My writing desk is surrounded by joy.
There’s the latest drawing by my granddaughter depicting her conception of her picture being taken by her mother, whose outstretched cell phone captures both their biggest-grin faces, and both – accurately drawn – with lots of hair.
“And that’s you grandpa,” she said, pointing to the stick figure to the right, her arm in the drawing reaching out to my leg.
I do have more hair than that – she didn’t in fact give me any – but what is correctly pictured, and very much her joy, is to grab onto my leg and be dragged about the kitchen floor when I am in search of my breakfast.
Around about are the books that bring me comfort, help and hope following the death of my wife now almost a year ago.
The picture of the stars, vast and innumerable, brightening the night sky, conveys the simple two-word message, “Look Up” which causes me to do just that.
Above are some Volkswagen bug memorabilia given as gifts, mementos, of the little green ‘chariot’ that carried my wife and me down so many memory lanes over so many years into the wonderful world we discovered on our many adventures together.

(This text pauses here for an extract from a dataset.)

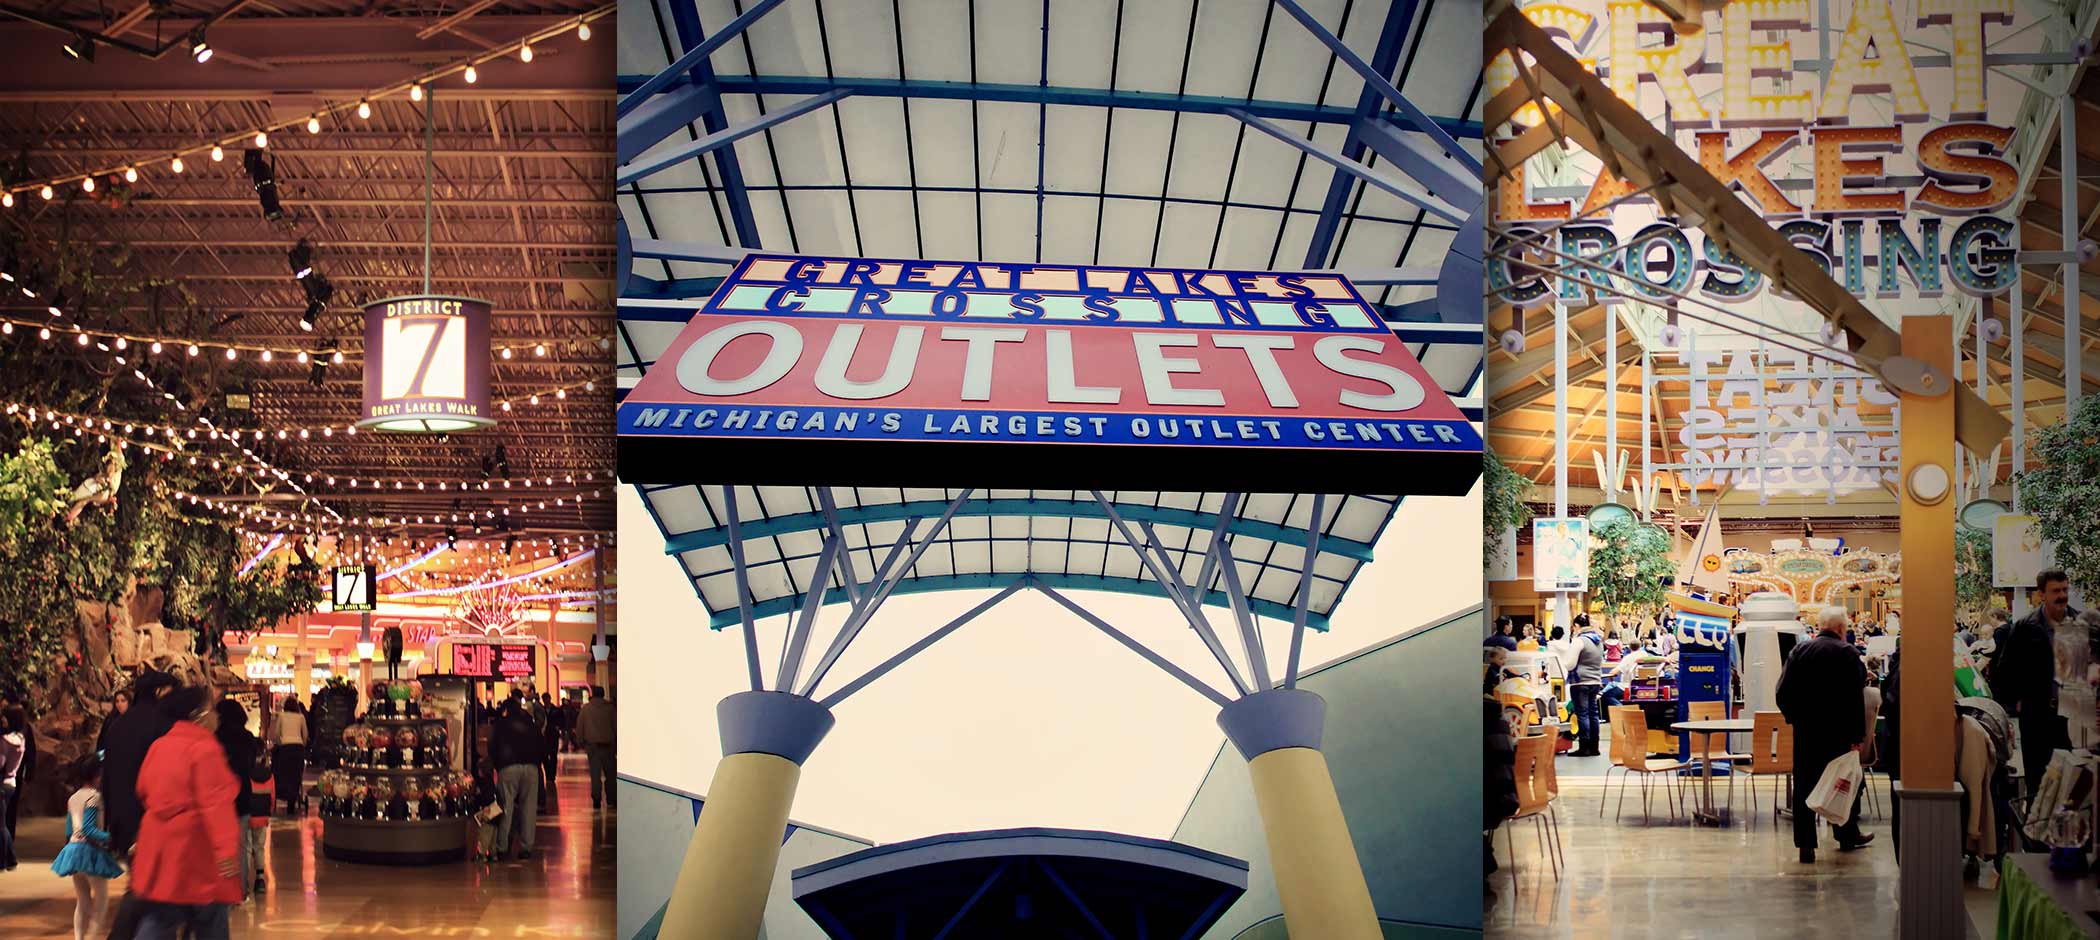 Great Lakes Crossing Outlets | Outlet Malls Detroit

Interestingly, “look up” is actually what is intended, Barnes says in his commentary on Psalm 42:1, of the picture drawn by the Psalmist David of the deer “panting” after water.
The setting is a parched and barren land, but the deer has joyfully found, where it has thus quenched its thirst, a brook where flows cool, clear water.
To “pant,” Barnes declares, “properly means to rise; to ascend; to long for.
“To look up.”
To look up to the author, and restorer, of life, and love.